Metal Layer (First Metal Layer and Second Metal Layer)

[0055] The first metal layer and the second metal layer may be electrically conductive layers in common, may be electrically conductive in a surface direction, and may not be electrically conductive in a thickness direction.

[0056] For example, the first metal layer and the second metal layer may each independently include at least one of aluminum (Al), nickel (Ni), copper (Cu), iron (Fe), or a combination thereof.

[0057] For a more detailed example, when applying the current collector of some example embodiments to the positive electrode, aluminum (Al) may be the first metal layer and the second metal layer, and when applying the current collector of some example embodiments to the negative electrode to the positive electrode, copper (Cu) may be the first metal layer and the second metal layer.

[0058] The thickness ratio of the first metal layer and the second metal layer may be about 3:7 to about 7:3, or about 4:6 to about 6:4. For example, the first metal layer and the second metal layer may have the same thickness.

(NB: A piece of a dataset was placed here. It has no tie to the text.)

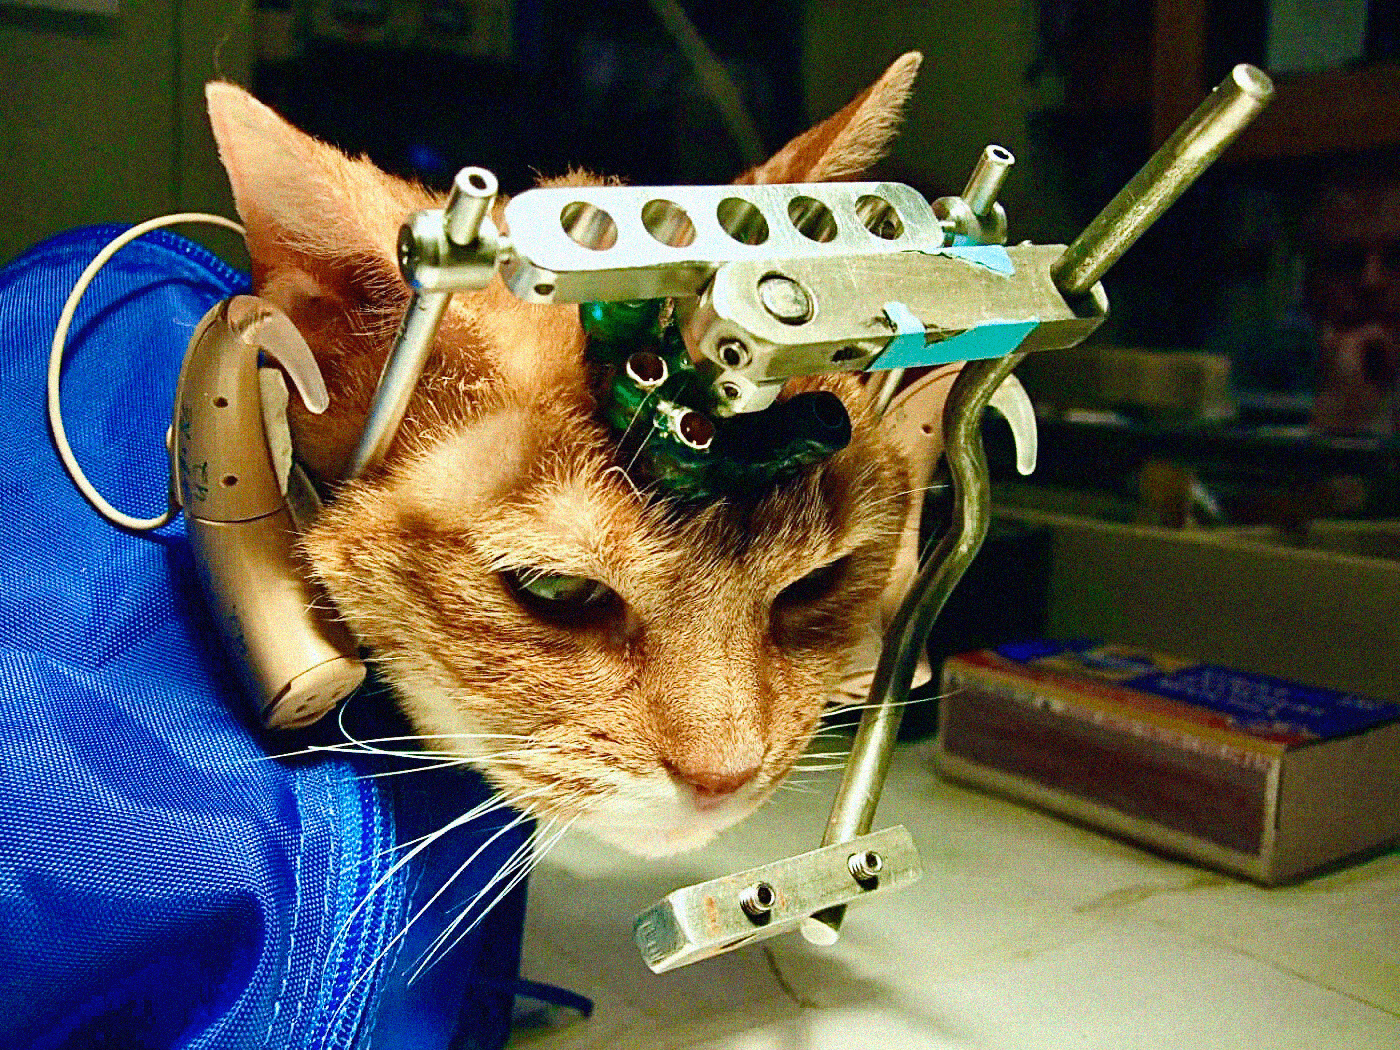 A cat at UW Madison who has a device on their head and is being experimented on.

[0059] The sum of the thicknesses of the first metal layer and the second metal layer may be less than or equal to about 40%, less than or equal to about 30%, or less than or equal to about 25% of 100% of the total thickness of the current collector. Within any of the above ranges, the effects of the first metal layer and the second metal layer, and the effects of the functional layer can be harmonized.

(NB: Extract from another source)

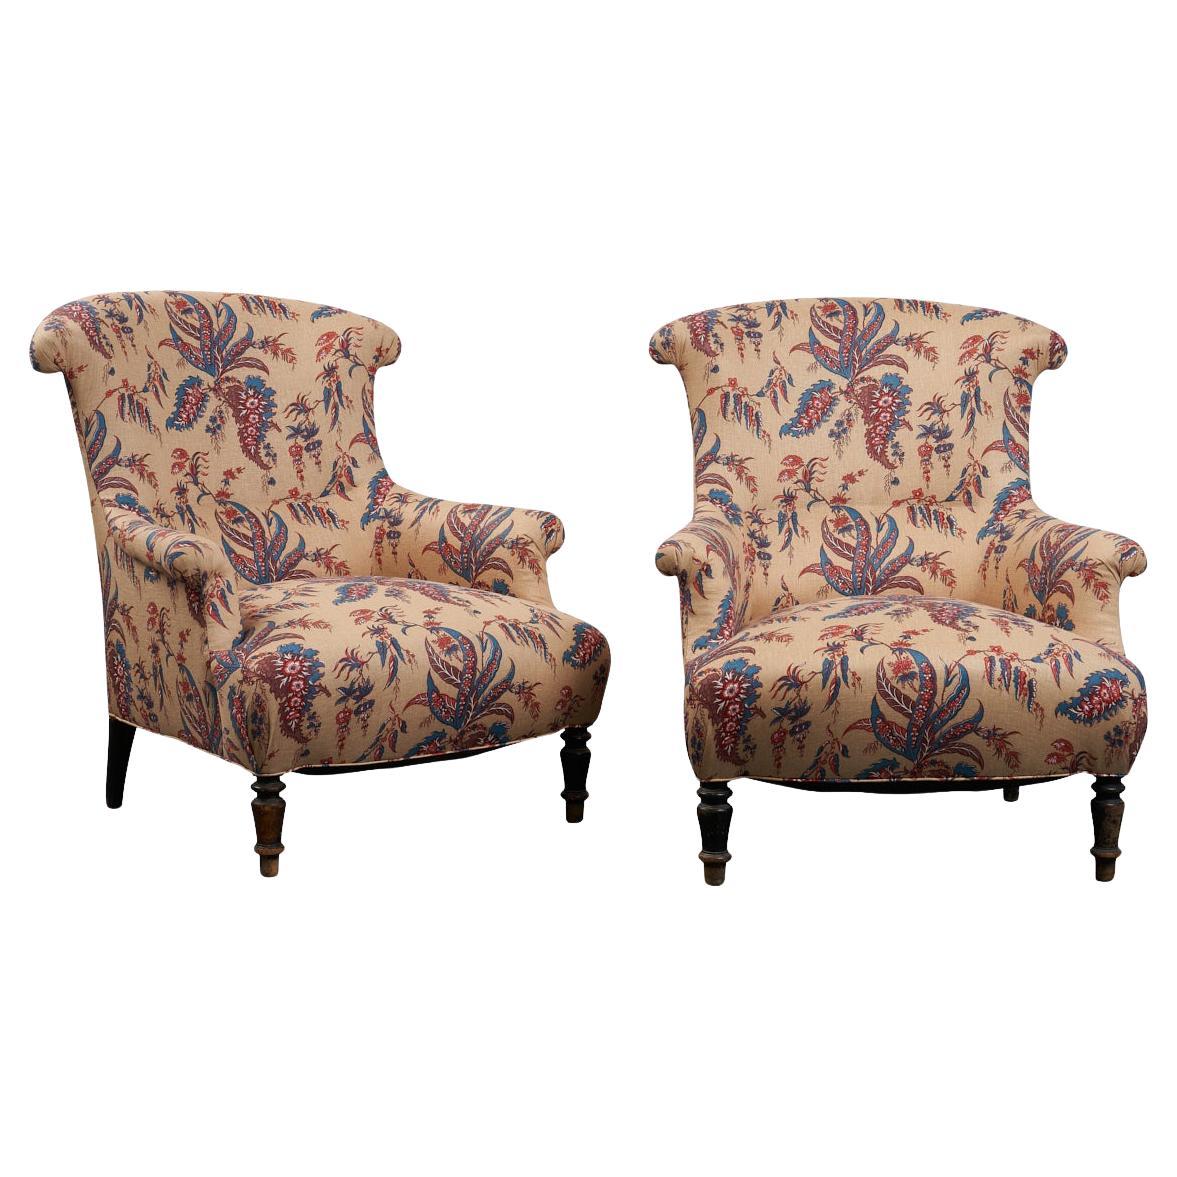 Pair of Chairs, Late 19th Century, France, Reupholstered in Schumacher Fabric

[0060] Depending on the thickness of the metal layer, the sheet resistance of the current collector may vary. For example, when the metal layer has only the functional layer without the first metal layer and the second metal layer, the sheet resistance of the metal layer may be less than about 0.01 m/sq. On the other hand, the sheet resistance of the current collector including the first metal layer and the second metal layer may be greater than or equal to about 0.01 m/sq, and may increase with the thickness of the first metal layer and the second metal layer to reach about 12.4 m/sq.

[0061] The sheet resistance of the current collector can be typically measured using a 4-point probe device that can measure the sheet resistance of bulk thin films.

[0062] The first metal layer and the second metal layer may be formed through deposition, coating, laminating, electroplating, etc.

Adhesive Layer

[0063] An adhesive layer may be further included at an interface between the first metal layer and/or the second metal layer and the functional layer.

[0064] The adhesive layer may improve adhesive force and weldability between the polymer in the functional layer and the first metal layer and/or the second metal layer. The high bonding energy of metal-oxygen at the atomic level can enhance the interfacial adhesive force, and the adhesive force can be proportional (desirably based on metal-OC bond) with the atomic content containing lone pairs in the functional layer.

[0065] The adhesive layer can be formed by physically and/or chemically functionalizing the surface of the functional layer using single molecules, oligomers, polymers, or a combination thereof containing a large amount of highly electronegative atoms (for example, polymethyl methacrylate (PMMA) including at least one of a carbonyl group, polycarbonate (PC), polyamide (PA), polyetheretherketone (PEEK), polyetherimide (PEI), acrylonitrile-butadiene-styrene (ABS), or a combination thereof).

[0066] In particular, plasma treatment or corona discharge treatment for chemical functionalization enables uniform treatment on the film surface and can increase the effect depending on the type of gas in the processing atmosphere. Nitrogen, oxygen, argon, silane gas, carbon dioxide gas, and the like, can be the gas for the atmosphere, but a mixed gas containing oxygen and/or nitrogen may be desirable, and by plasma treatment, at least one of ether groups, carbonyl groups, ester groups, carboxyl groups, hydroxy groups, and amide groups are uniformly functionalized on the film surface, thereby improving the uniform adhesion of various metal and alloy layers, including aluminum and copper, to the electrode, and improving reliability of the electrode.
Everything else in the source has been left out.